Legal Experts Skeptical of Trump’s Plans to Stop Babies Born Here From Becoming Citizens

A clip from President Donald Trump’s interview with Axios is setting off alarm bells. In it, the President says he’s planning to sign an executive order that would remove citizenship rights from children born to undocumented citizens on American soil. Historically, that is a right that has been guaranteed by the U.S. Constitution.

“It was always told to me that you needed a constitutional amendment. Guess what? You don’t,” he said. “You can definitely do it with an Act of Congress. But now they’re saying I can do it just with an executive order.” [h/t Buzzfeed News]

Legal experts are skeptical.

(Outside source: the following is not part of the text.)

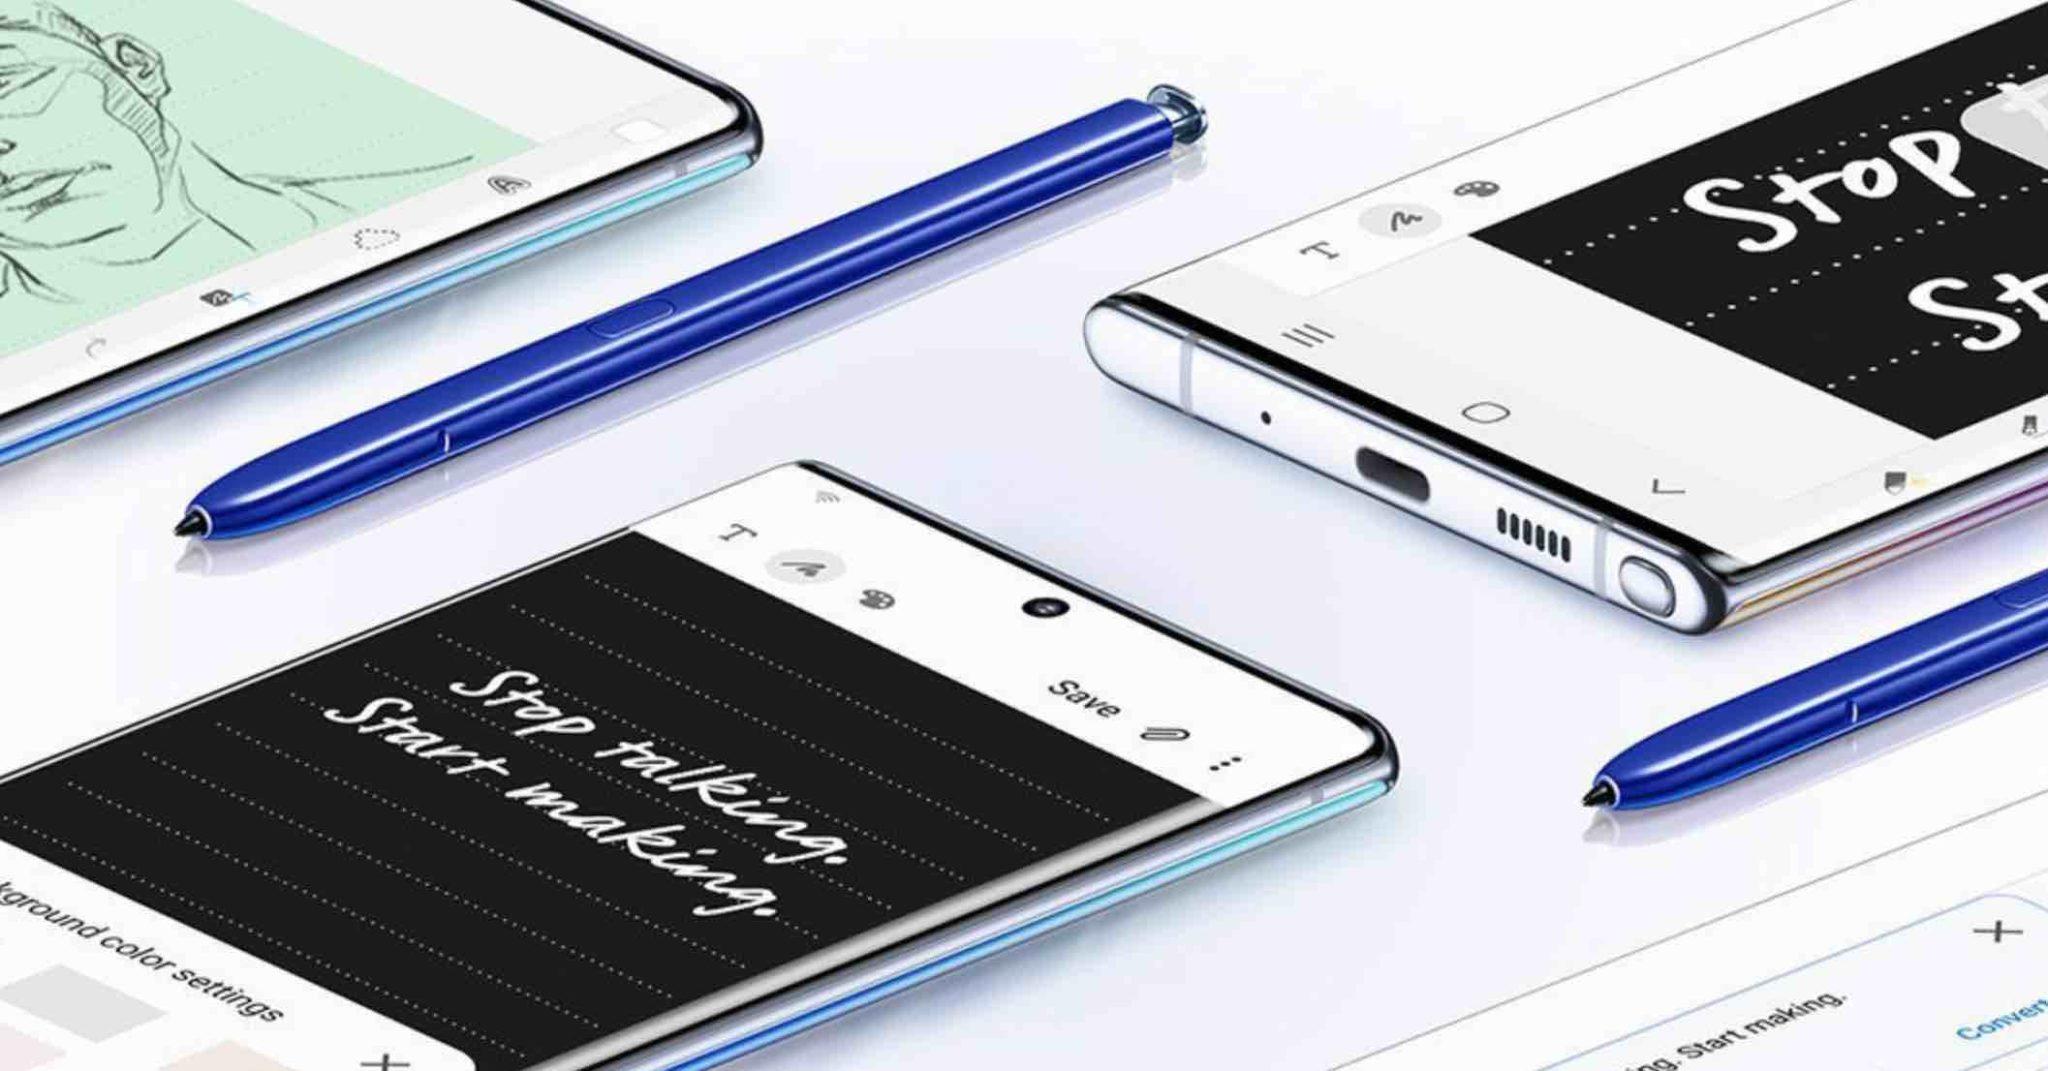 Co je pod kapotou Samsungu Galaxy Note10? Podívejte se na specifikaci

If Trump does sign such an executive order, it would almost certainly get caught up in legal hell.

The part of the Constitution in question is the 14th Amendment. It states “All persons born or naturalized in the United States, and subject to the jurisdiction thereof, are citizens of the United States and of the state wherein they reside. No state shall make or enforce any law which shall abridge the privileges or immunities of citizens of the United States; nor shall any state deprive any person of life, liberty, or property, without due process of law; nor deny to any person within its jurisdiction the equal protection of the laws.”

In 1898, the Supreme Court ruled on this issue and determined that if you were born in this country, the United States can’t deny you citizenship. This decision, like any other, can be revisited, but the chances of the current Court coming to a different conclusion are unlikely.

Later in the clip, Trump claims that the U.S. is alone in offering citizenship to children born here, regardless of their parents’ immigration status, saying “We’re the only country in the world where a person comes in and has a baby, and the baby is essentially a citizen of the United States … with all of those benefits,” Trump said. “It’s ridiculous. It’s ridiculous. And it has to end.”

This is incorrect. In fact, more 30 countries, Canada and Mexico among them, offer what’s known as birthright citizenship.